Hundreds of residents were stranded, displaced or left homeless across the Mid North Coast, homes were inundated and more than $70 million in damage was sustained to Port Macquarie-Hastings Council infrastructure during the floods in March this year.
Dunbogan caravan park owner Cicely Sylow is working in partnership with maritime engineers Arup and Queensland engineer James Davidson to design and build a floating home prototype to help provide a flood-proof for future for people living in riverside communities.
Mr Davidson, director of JDA Co, said the concept of floating homes has already been investigated around the world including in the Netherlands, southern USA and in Queensland.
"We are designing a system with the intent that when the accommodation is raised, internally everything will be fine because movement is restricted laterally and it will rise up vertically with the flood," he said.
"For Dunbogan, the intent is to work on a model of floating accommodation different to a floating home project we have done in Queensland.
"The shape of the floodplain in the Camden Haven means that the water velocity isn't massive compared to some projects we have worked on.
"We have seen 4.5 metres of water travelling at 12 metres a second (in Queensland) but the slower flooding in Dunbogan is quite helpful when it comes to trying to find a system to suit the need.

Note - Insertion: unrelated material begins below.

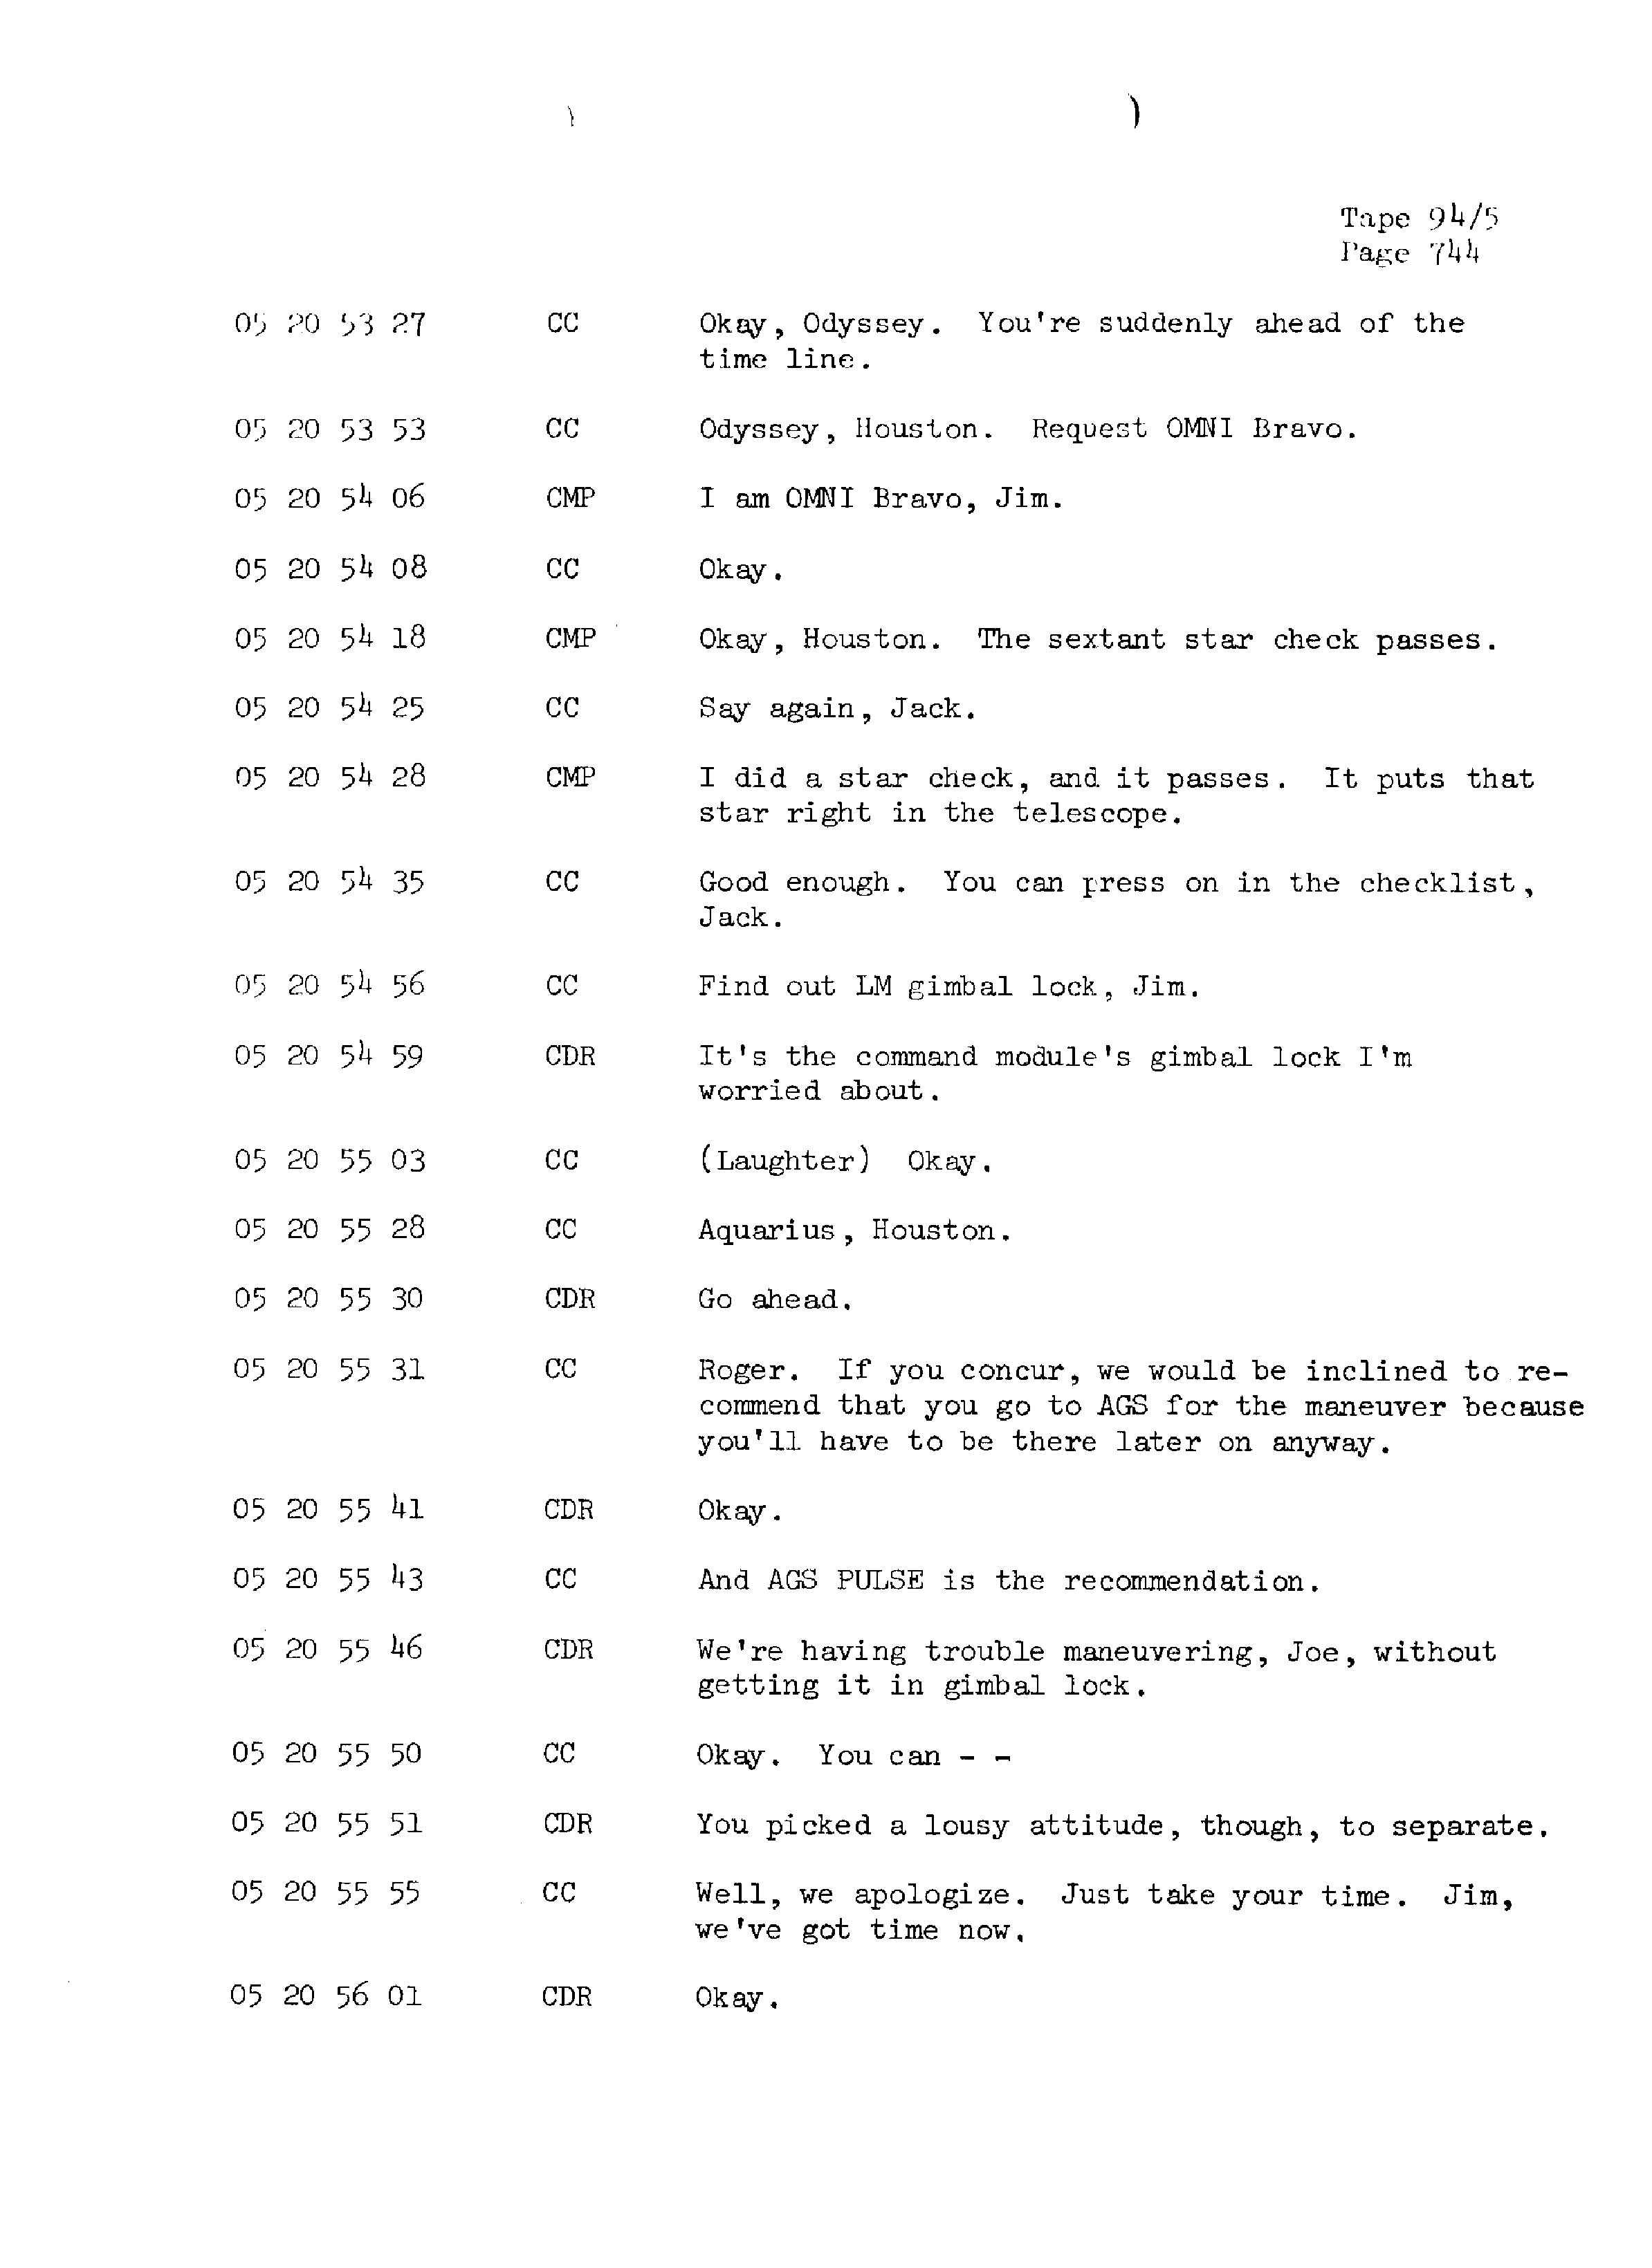 Page 751 of Apollo 13’s original transcript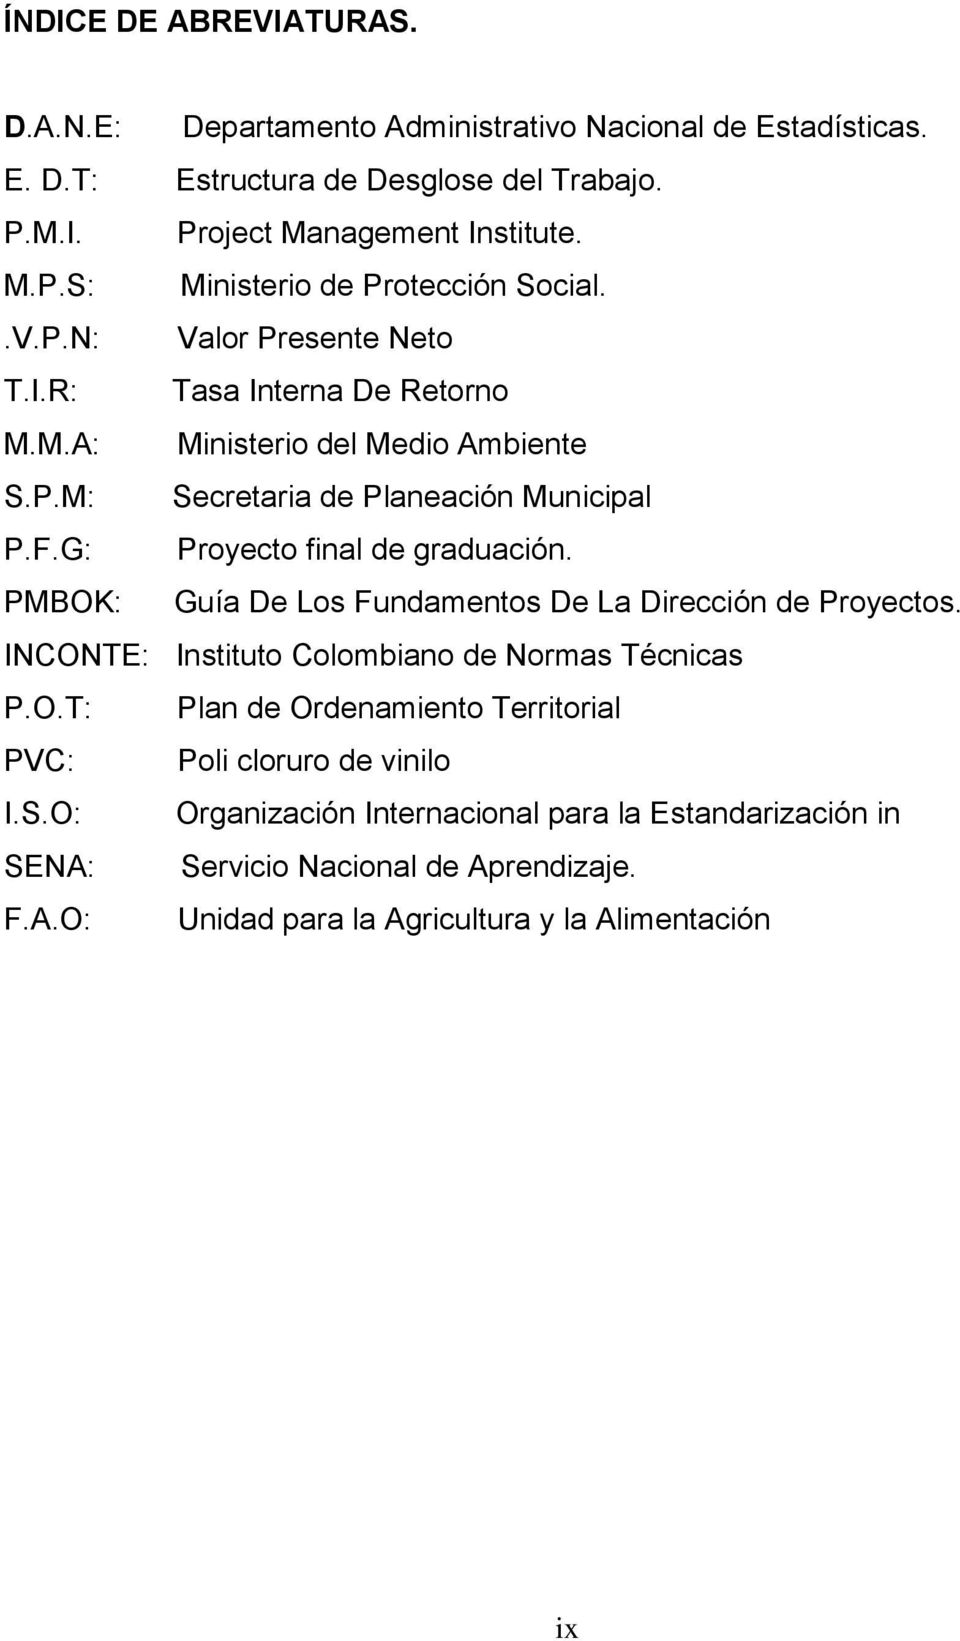 PMBOK: Guía De Los Fundamentos De La Dirección de Proyectos. INCONTE: Instituto Colombiano de Normas Técnicas P.O.T: Plan de Ordenamiento Territorial PVC: Poli cloruro de vinilo I.

"We have a site at Dunbogan Caravan Park, it looks very promising and our engineers are helping us to make sure what we propose can withstand the forces of a flood."
Mr Davidson said he originally came up with the idea while transporting building materials to island homes on floating pontoons.
The trial site at Dunbogan Caravan Park has been offered by Ms Sylow, who approached Mr Davidson about testing the concept locally.
She is also the owner of Diamond Waters Caravan Park where she has also received development consent to increase affordable housing and disability accessible accommodation in the area.
Diamond Waters is in the process of upgrading access to accommodation, amenities blocks, bench heights and facilities to assist people with mobility issues
Floating homes would be more beneficial for elderly residents in the Camden Haven rather than traditional accommodation built on raised supports, Ms Sylow said.
"The floods demonstrated that many caravan parks act as affordable housing in our local government area, but they are also flood prone and more exposed to climate risks like flooding," she said.
"We are providing the land, knowledge of caravan park and the compliance side. We have an international engineering firm, expert architects and we have AusIndustry working with us to get this off the ground.
"I like this project because it provides a different mechanism to protecting homes rather than raising. It provides a solution for elderly residents or people with mobility issues to still live in their chosen location.
"We are getting the designs right, the engineering right and getting the build done for a prototype. Once we get that done we then have a solution.
"We have got development consent, we have done the heights and calculations that need to be done. We'd expect to see a prototype ready within 18 months. I'm personally hoping 12 months."